Image XIV comes from a small series of only twenty drawings that Dubuffet completed between 10th January and 1st February 1984. Each produced with blue and red felt-tip pen on 27 x 21cm. letter paper; they carry the vitality and appetite for anti-establishmentarianism that typifies the artist’s work.
`I, personally, have a very high regard for the values of primitive peoples: instinct, passion, caprice, violence, madness... Nor do I feel that these values are in any way lacking in our Western world. On the contrary! But the values celebrated by our culture do not strike me as corresponding to the true dynamics of our minds... I aim at an art that is directly plugged into our current life, that immediately emanates from our real life and our real moods’ (Dubuffet, Anticultural Positions, Chicago Arts Club, December 1951).
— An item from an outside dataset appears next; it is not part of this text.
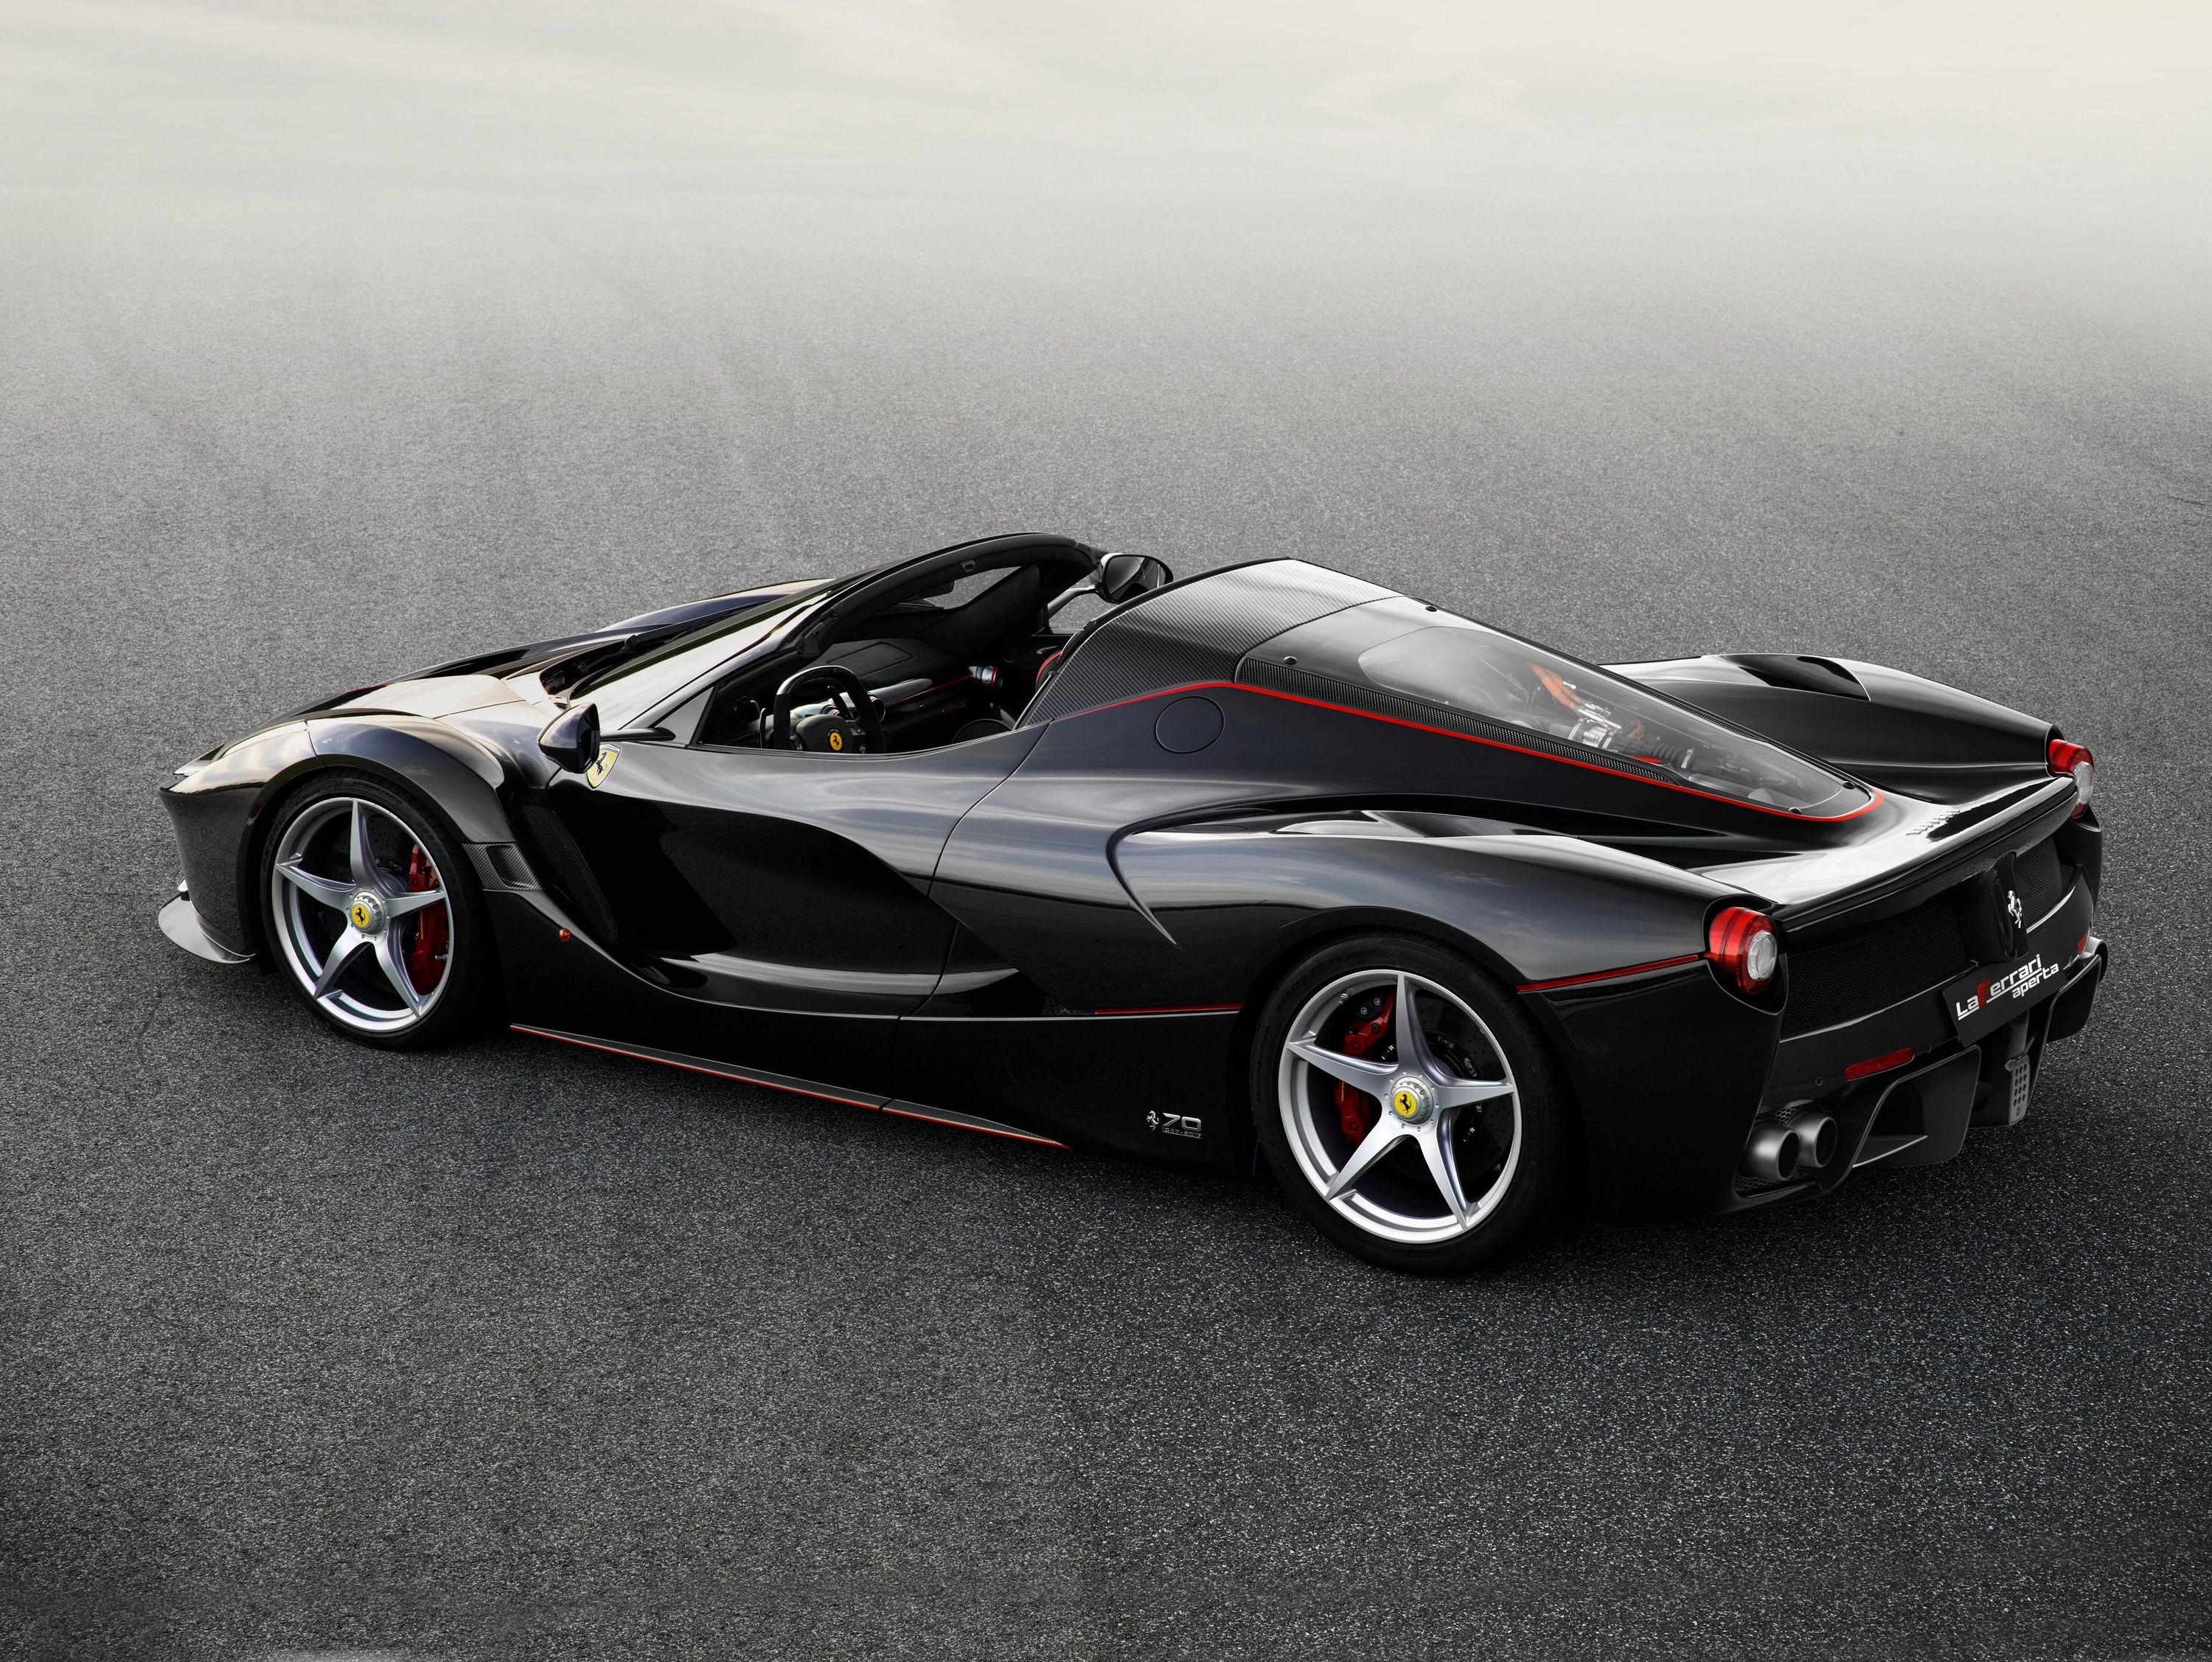 A black Ferrari LaFerrari Aperta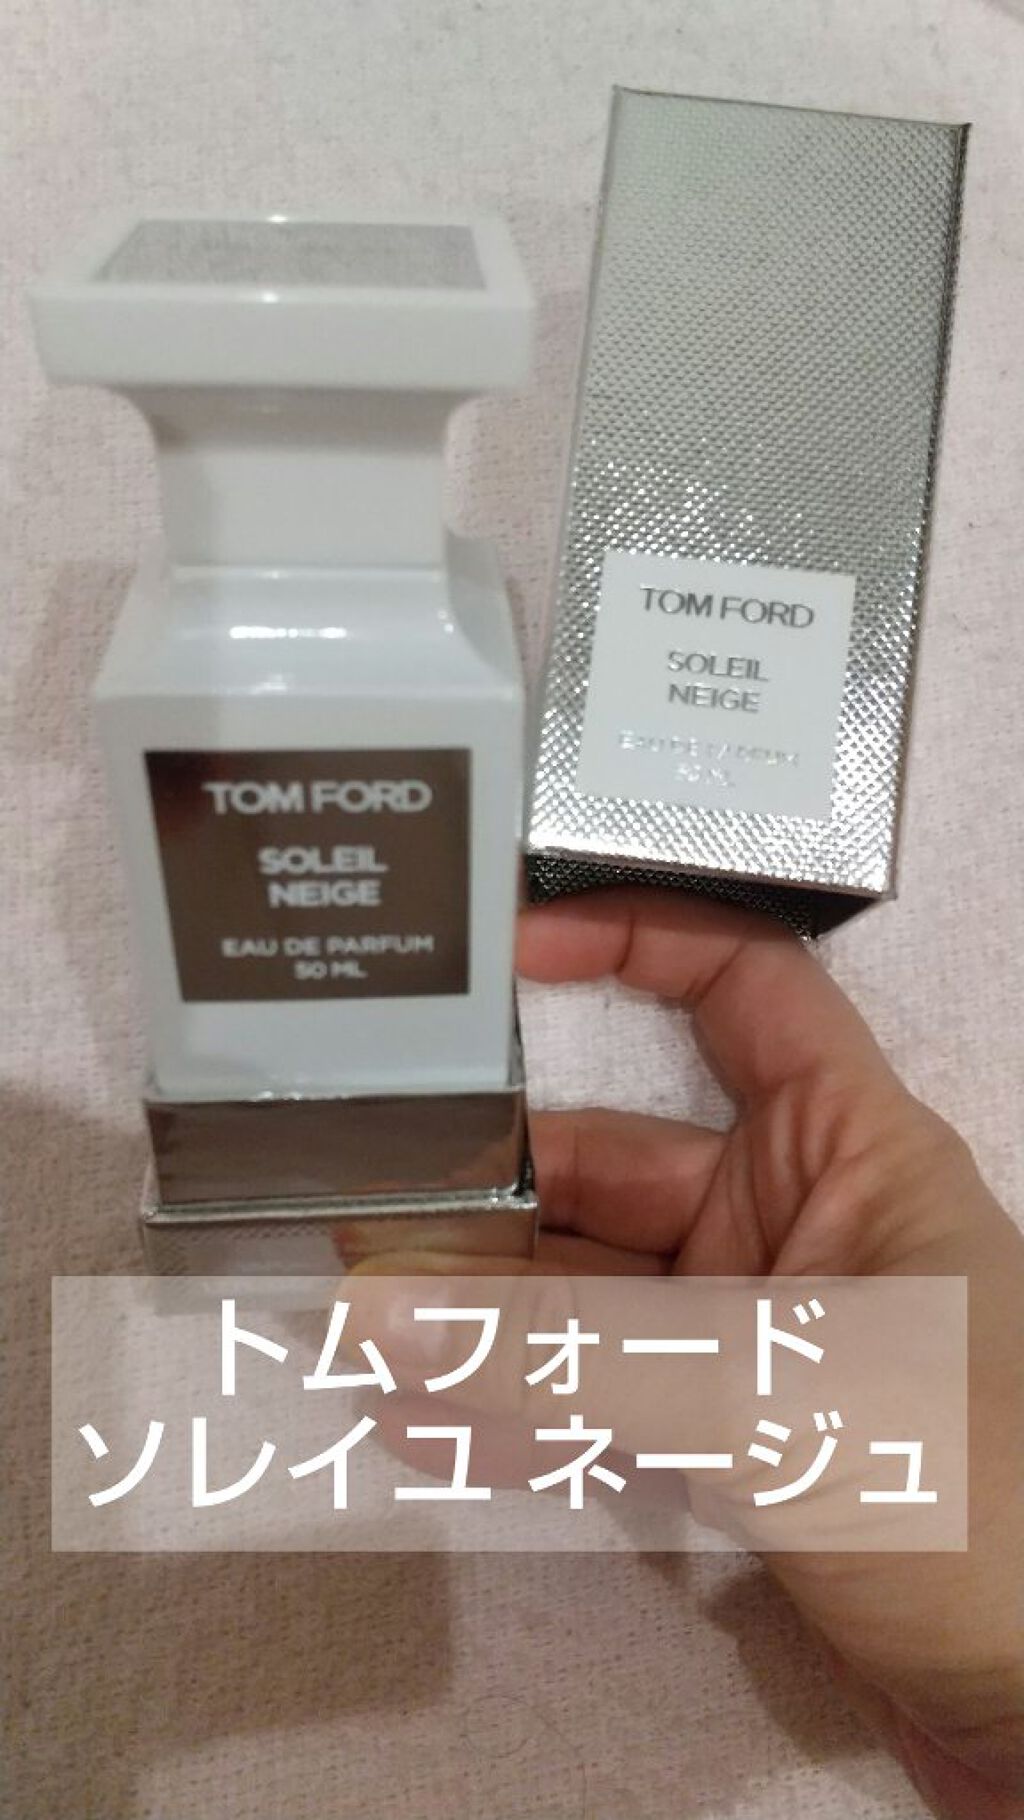 TOM FORD 香水【ソレイユネージュ】-

The heralded father of Art Brut, Jean Dubuffet made varied work that was both instinctual and conceptual. His exhaustive use of diverse mediums is a common thread throughout his relentless quest to push the boundaries of art to its limits of both theory and practice. Oil paint, collage, coal dust, glass, and pen in turn were all utilised by the artist as tools to challenge the accepted ideas of structure and form in art. A collector and champion of “outsider art,” Dubuffet firmly believed that the most powerful, authentic art was made out with classical artistic training and historical convention.